## Exercise prompt
All lines below starting at the one that holds "Trio Gloves |" and ending at the one that holds "#color #huntergreen #wood" should be printed exactly, ends included. Pictures should not be printed, nor anything else.

## Data for processing
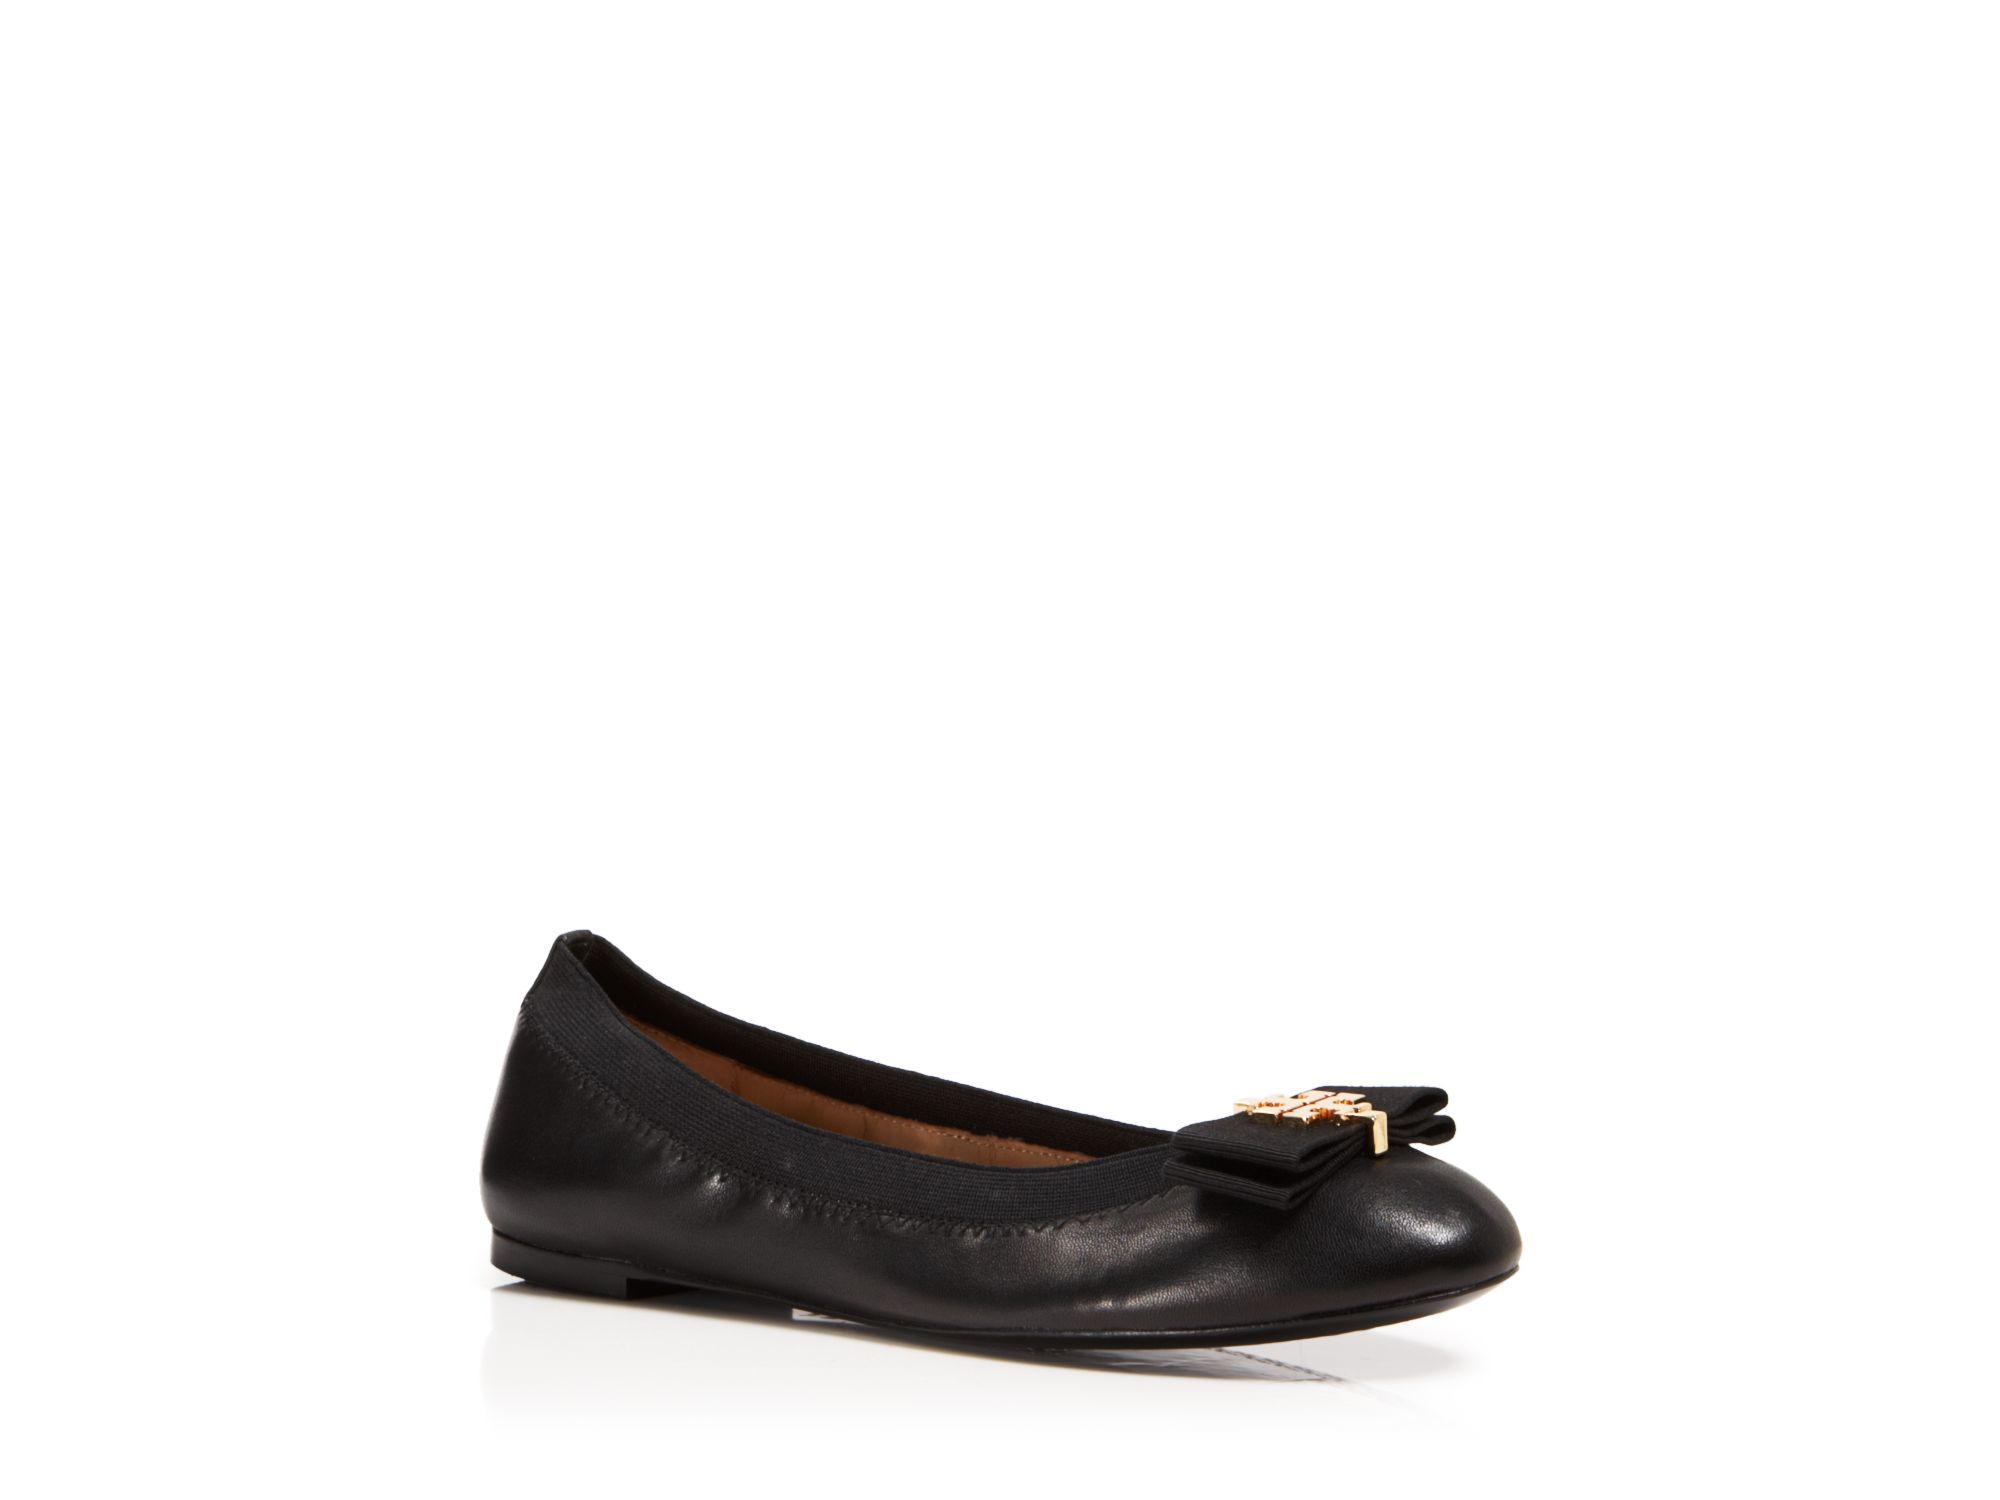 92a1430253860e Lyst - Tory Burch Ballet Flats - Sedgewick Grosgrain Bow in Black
==
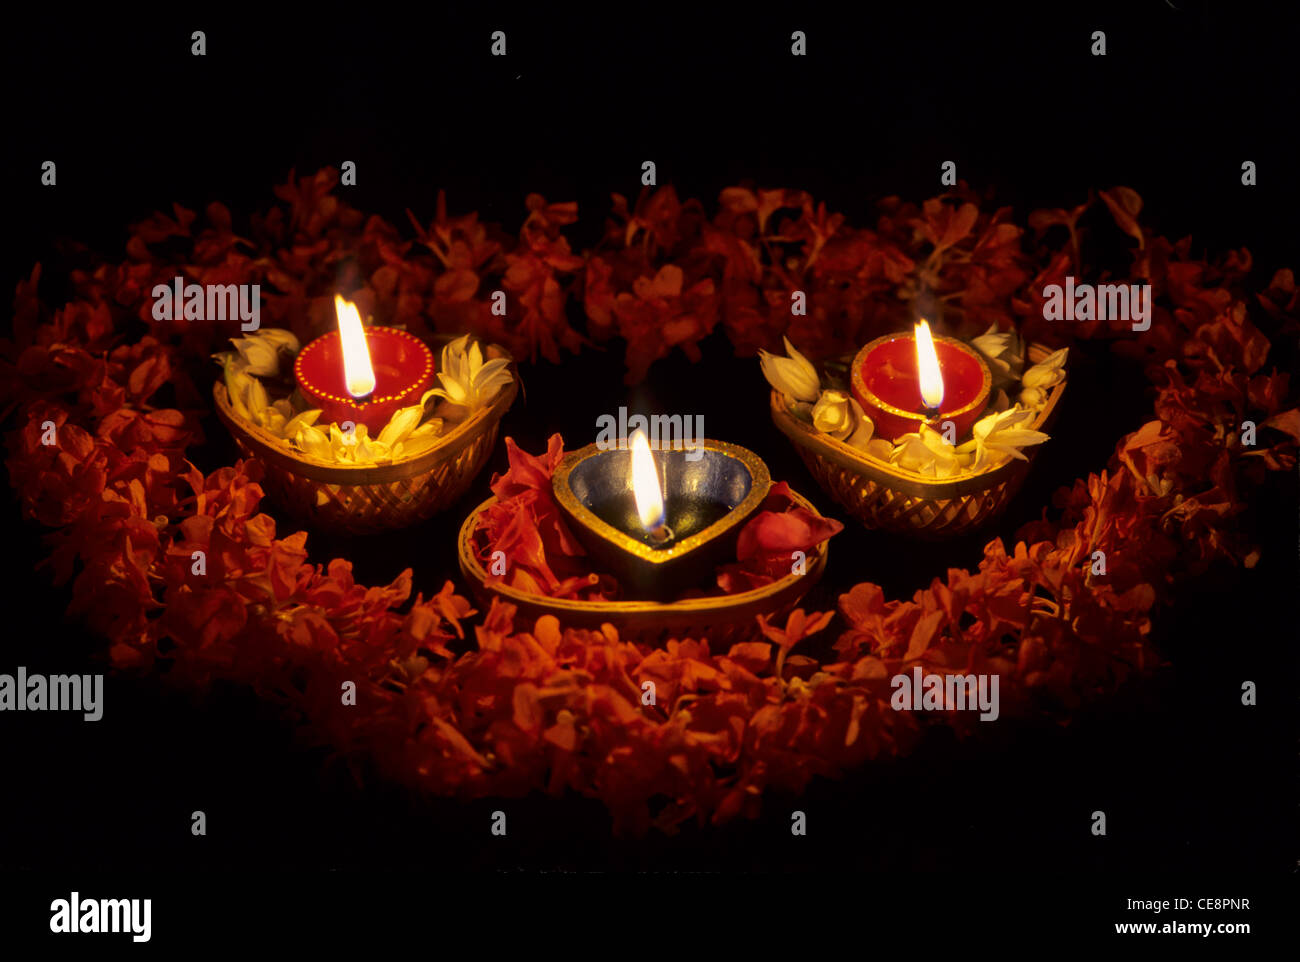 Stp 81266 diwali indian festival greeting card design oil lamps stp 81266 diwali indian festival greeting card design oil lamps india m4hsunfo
---
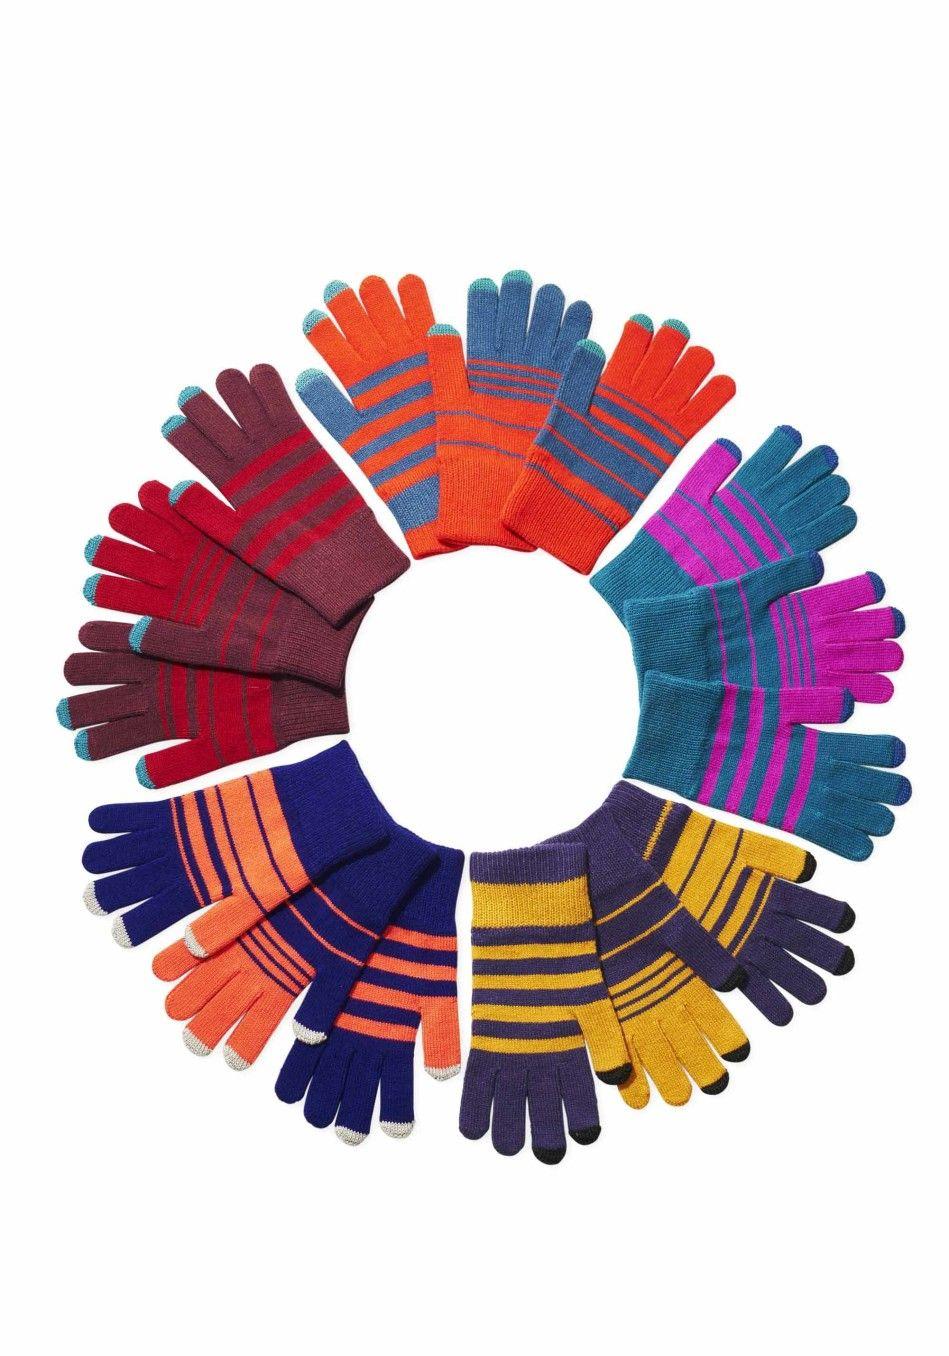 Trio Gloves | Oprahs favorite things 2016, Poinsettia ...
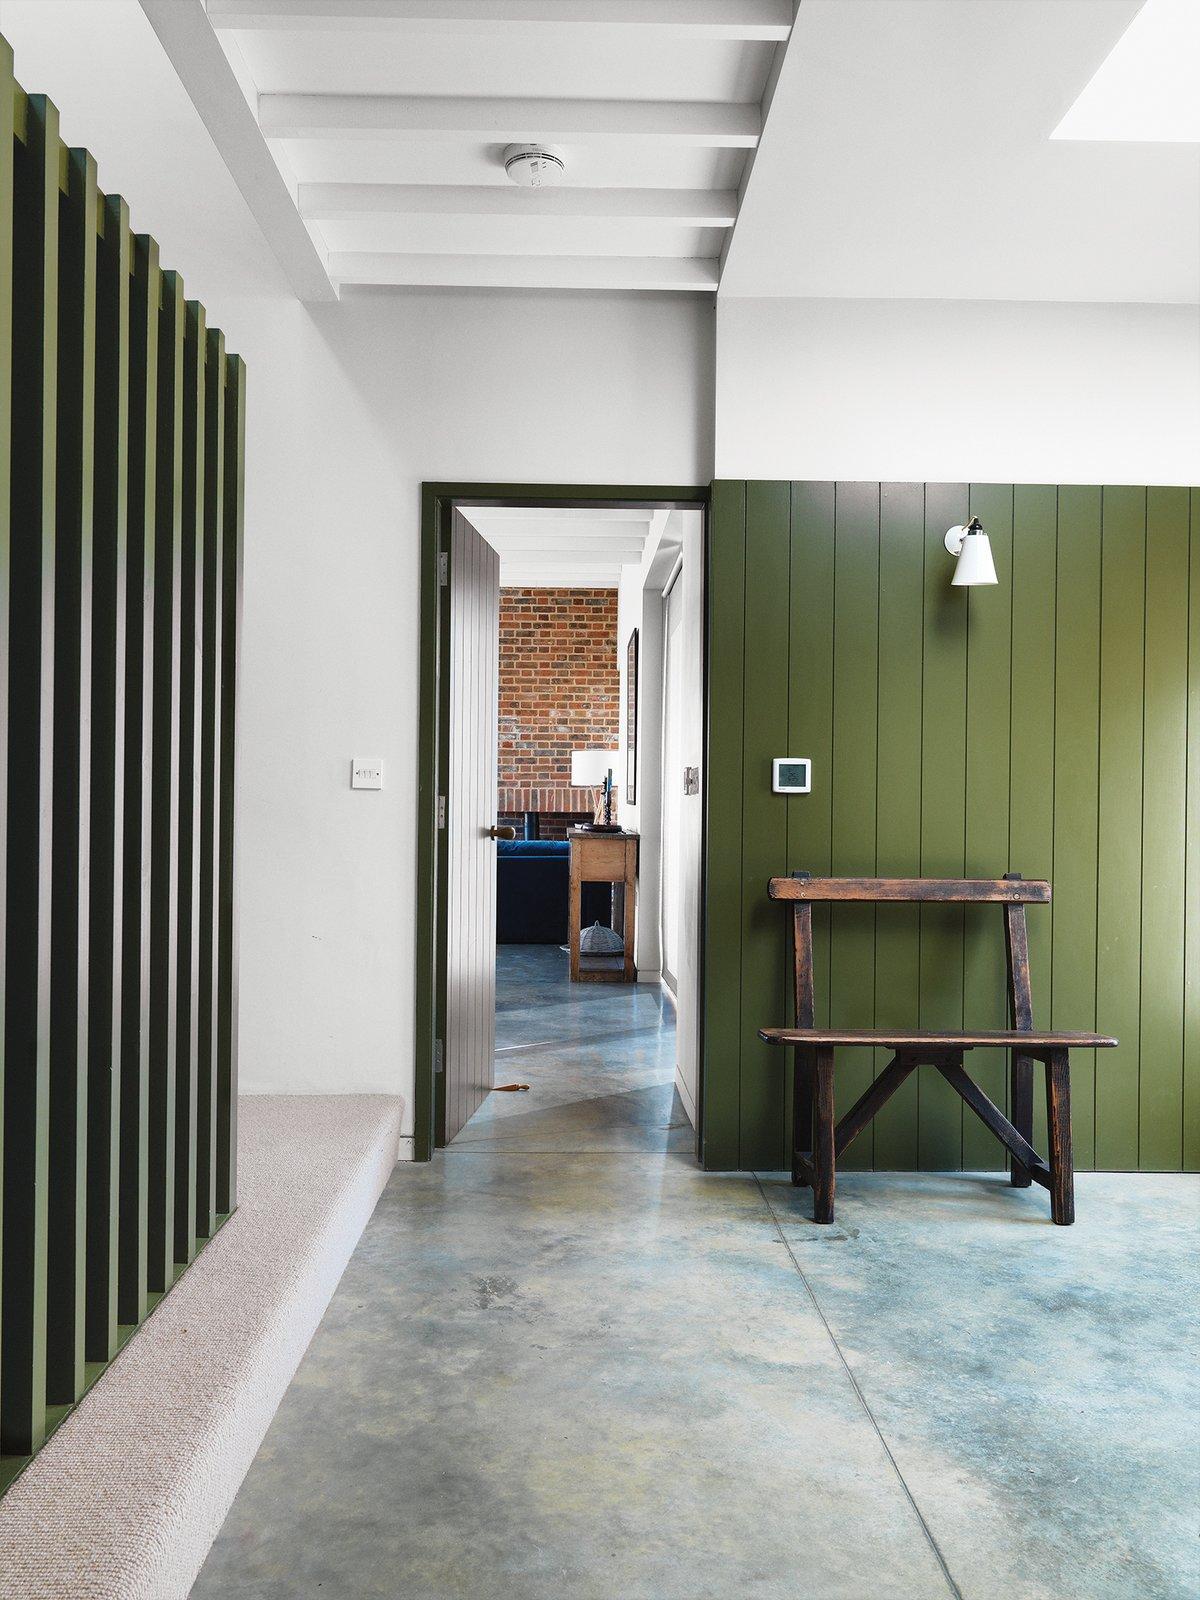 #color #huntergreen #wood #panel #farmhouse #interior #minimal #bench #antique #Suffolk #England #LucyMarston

## Reply
 Trio Gloves | Oprahs favorite things 2016, Poinsettia ...
 #color #huntergreen #wood #panel #farmhouse #interior #minimal #bench #antique #Suffolk #England #LucyMarston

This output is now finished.